» **TASK TO COMPLETE**
Look through the entries below for the line with "Платье Монриа 7056" and the line with "Úsporná žárovka trubková", then give again exactly those two lines and all lines between them, minus the pictures.

» **DATA EXCERPTS**
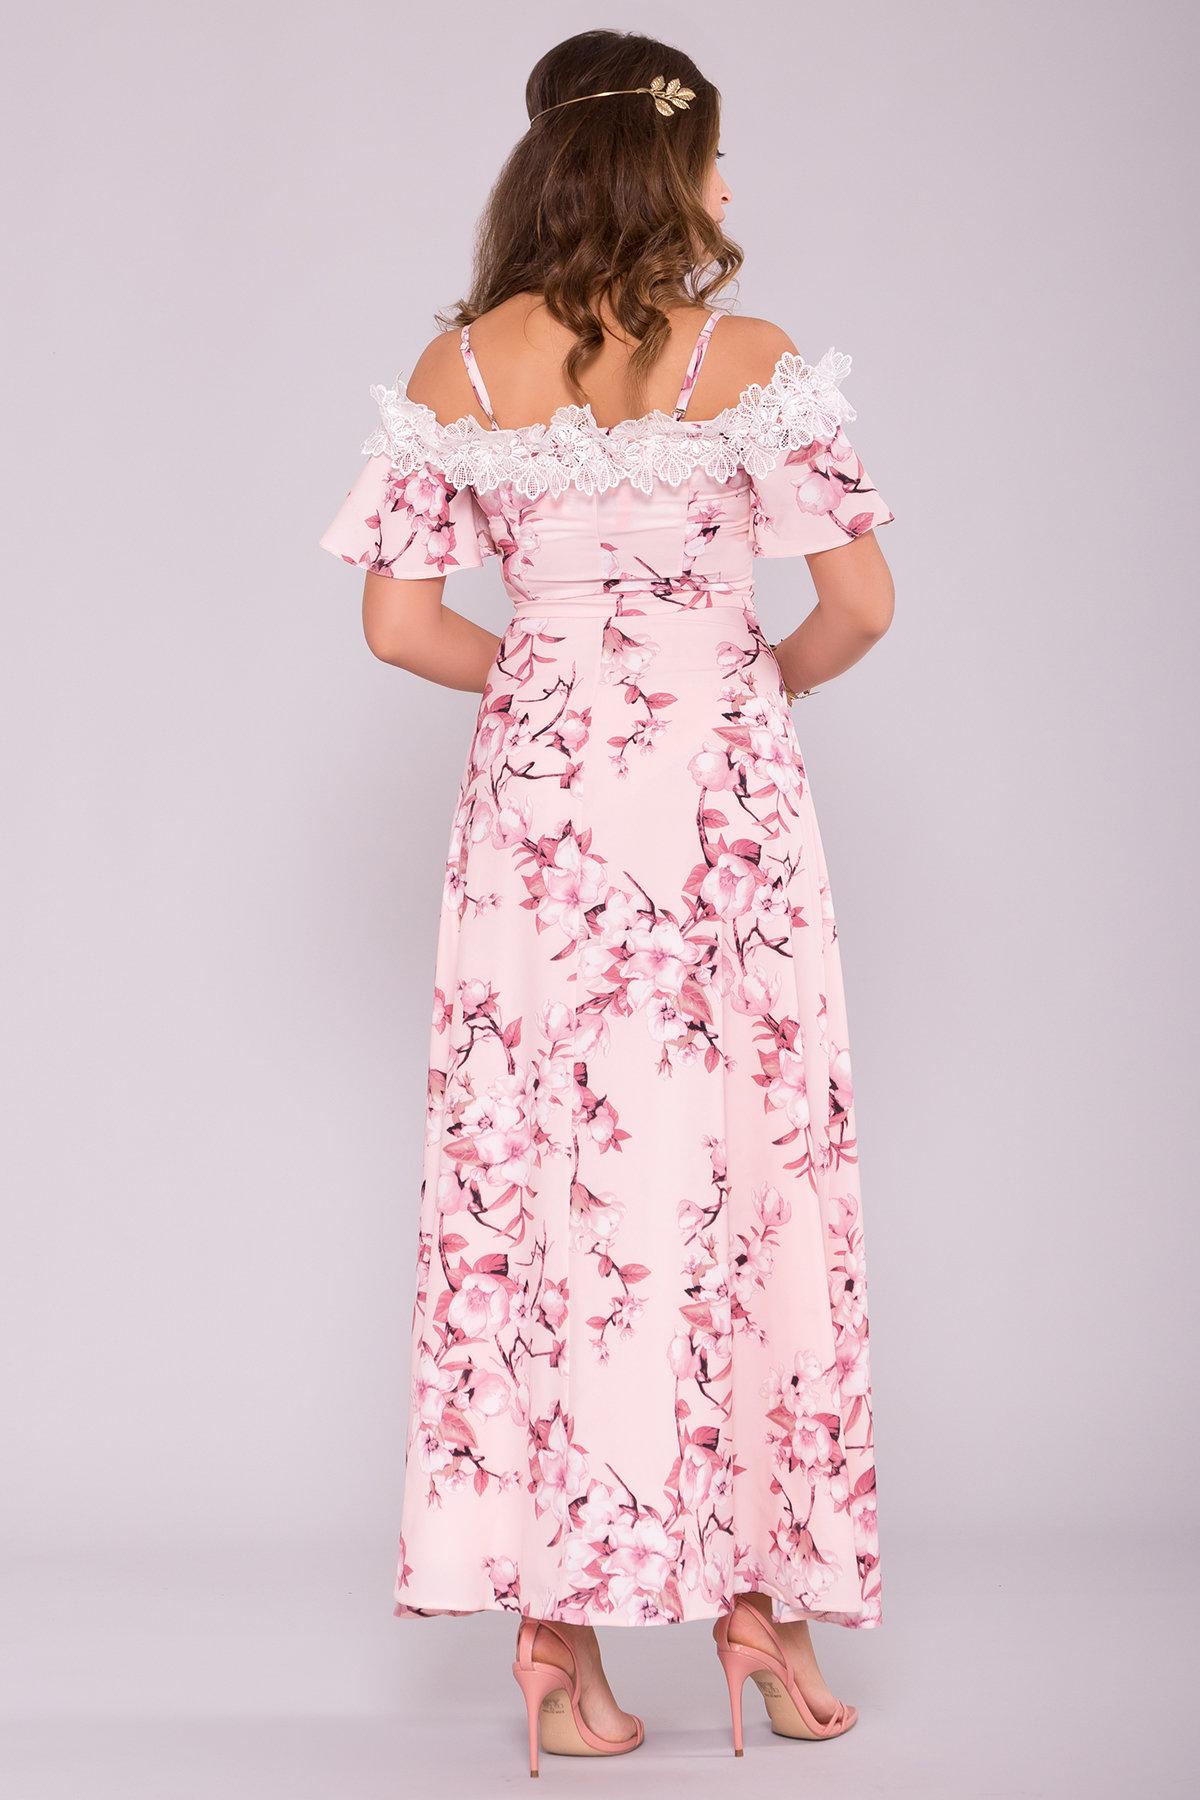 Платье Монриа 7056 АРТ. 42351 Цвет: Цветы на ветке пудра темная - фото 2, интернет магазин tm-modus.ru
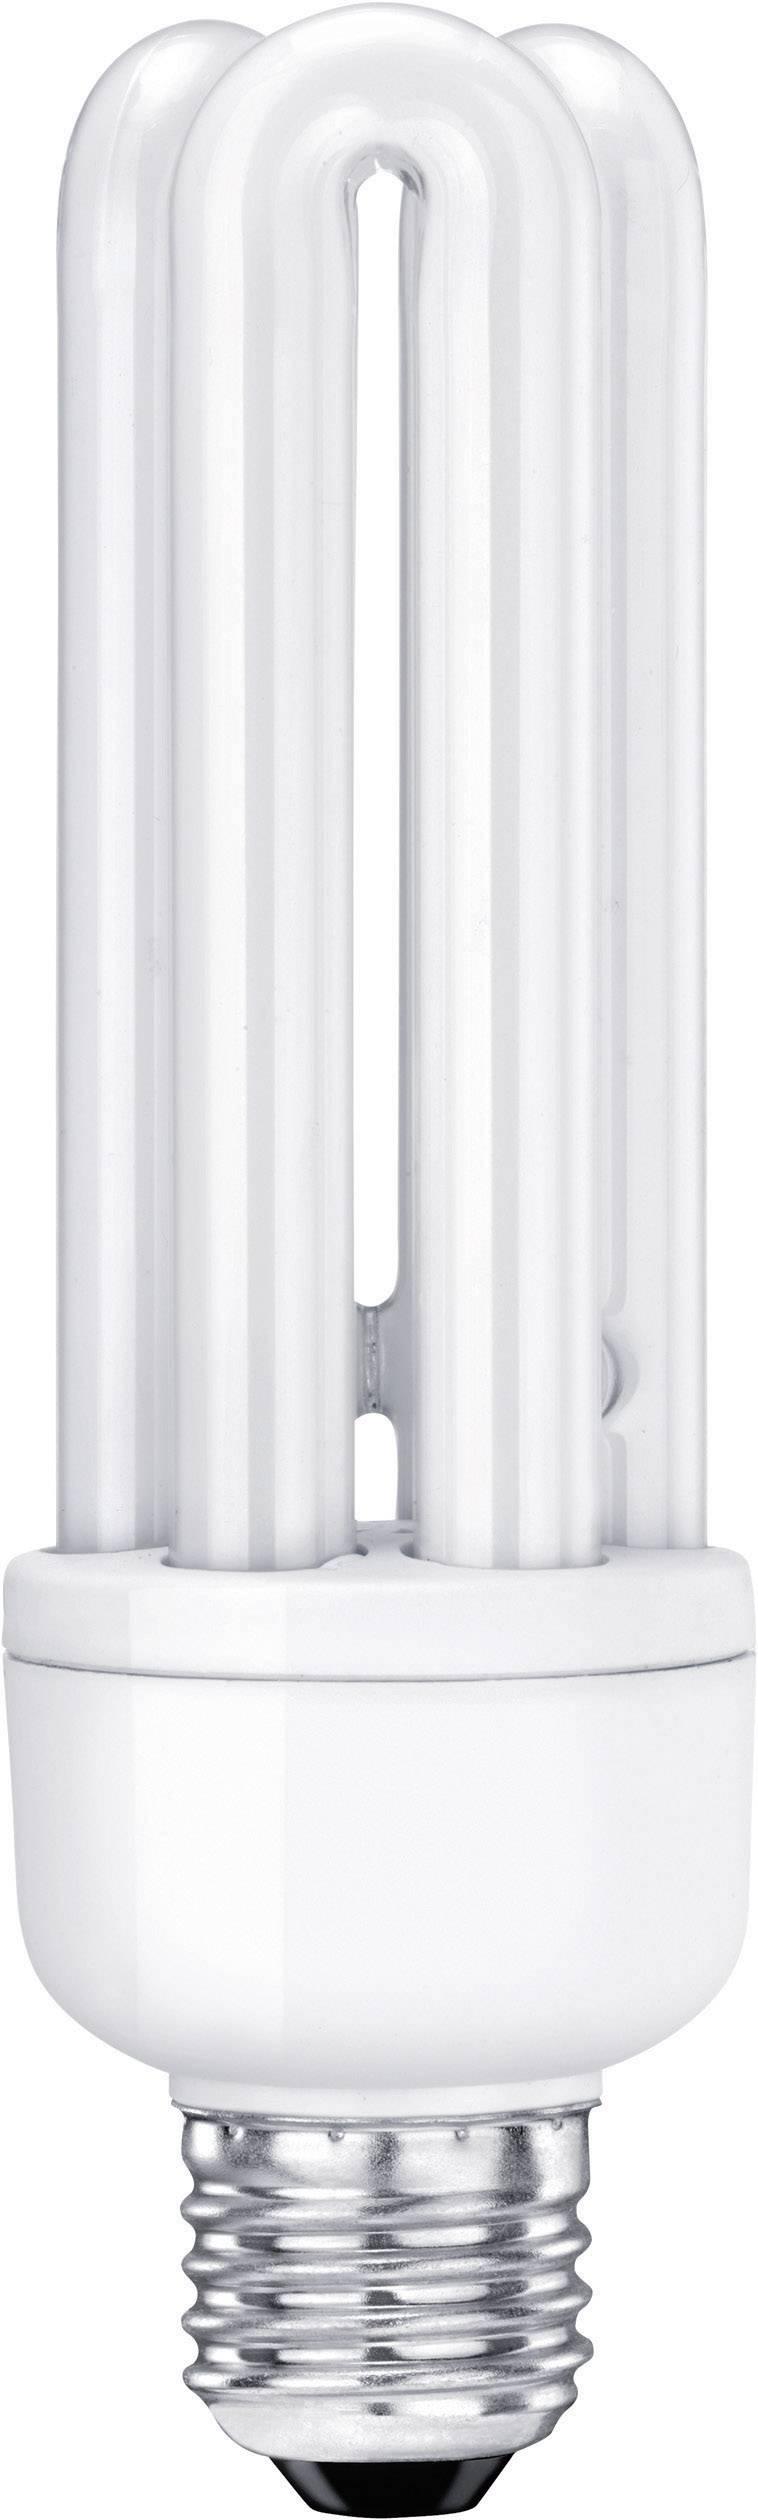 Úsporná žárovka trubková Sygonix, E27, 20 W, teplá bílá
==
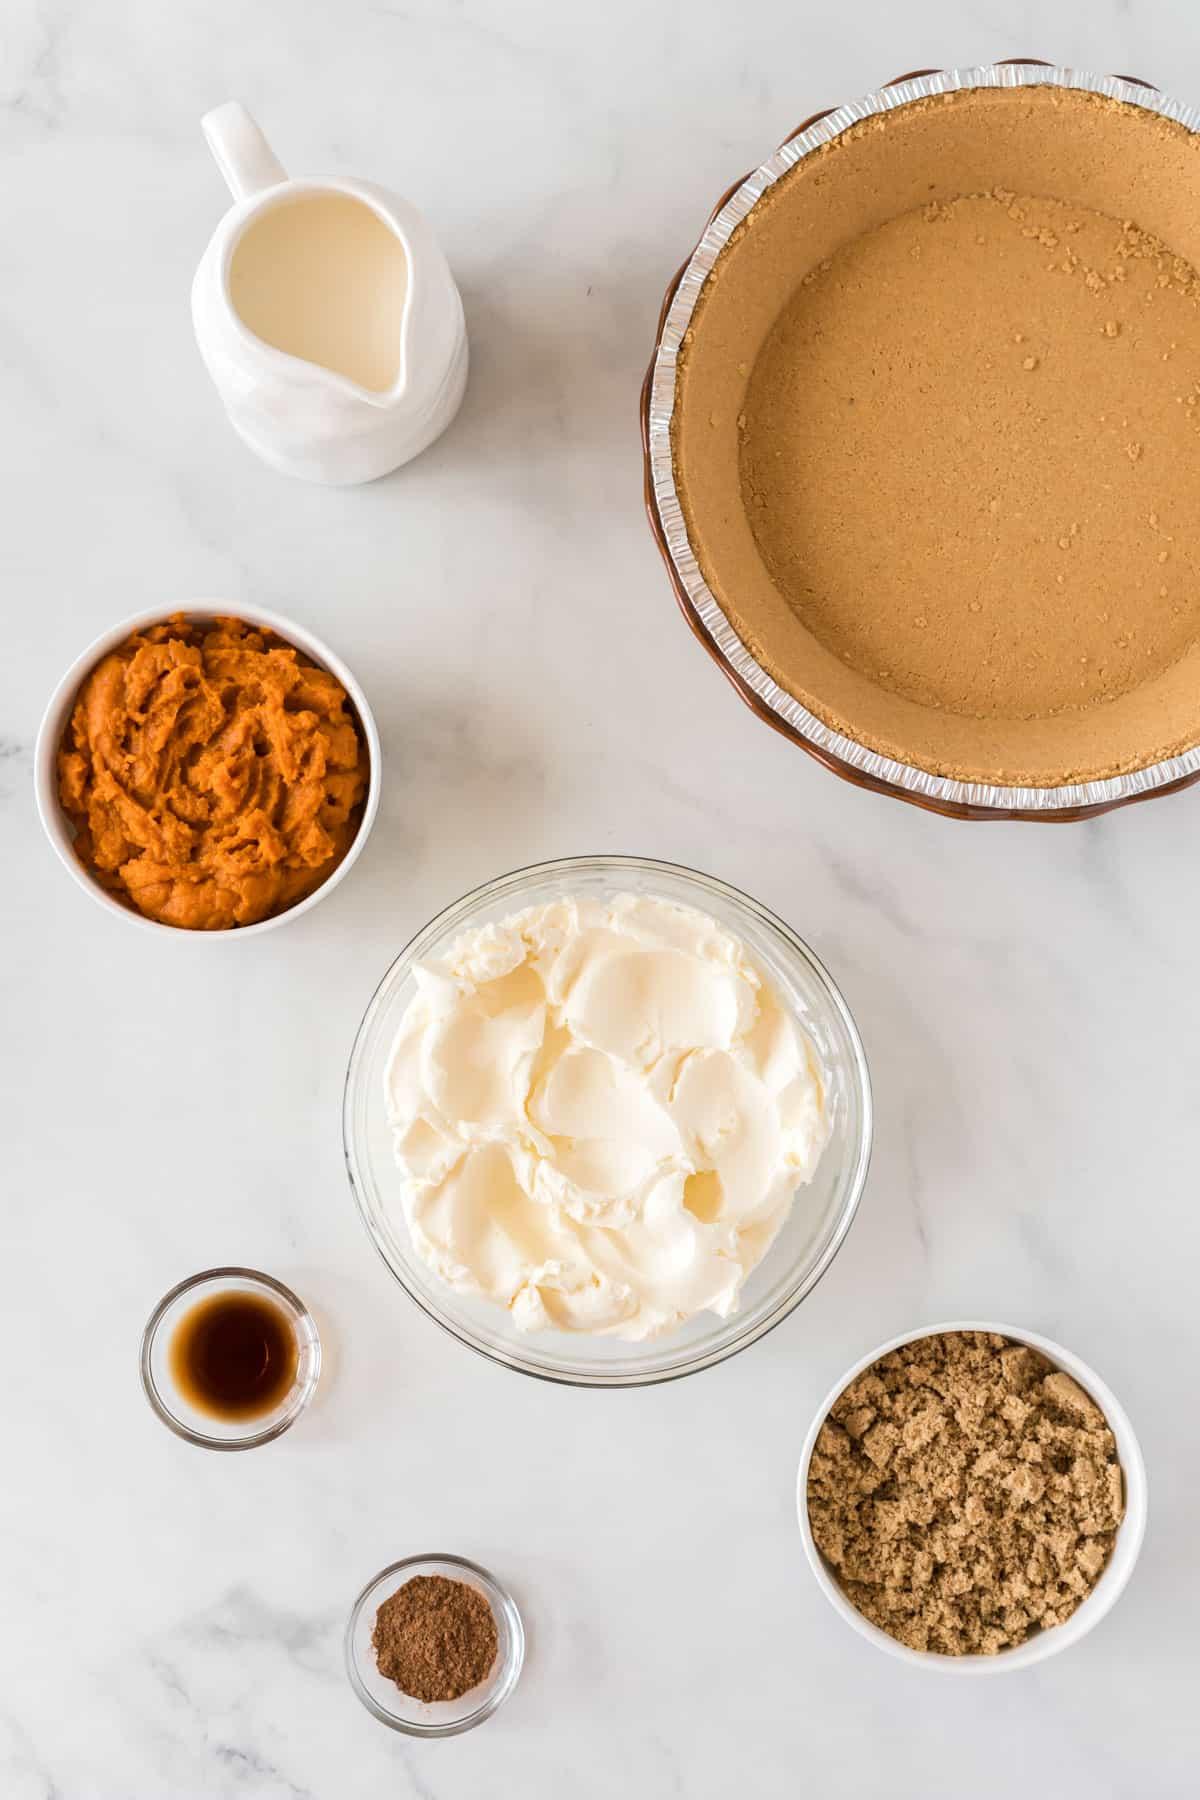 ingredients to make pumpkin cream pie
* * *
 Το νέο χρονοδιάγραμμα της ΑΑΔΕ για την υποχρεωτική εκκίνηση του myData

» **RESPONSE FOR THIS EXERCISE**
 Платье Монриа 7056 АРТ. 42351 Цвет: Цветы на ветке пудра темная - фото 2, интернет магазин tm-modus.ru
 Úsporná žárovka trubková Sygonix, E27, 20 W, teplá bílá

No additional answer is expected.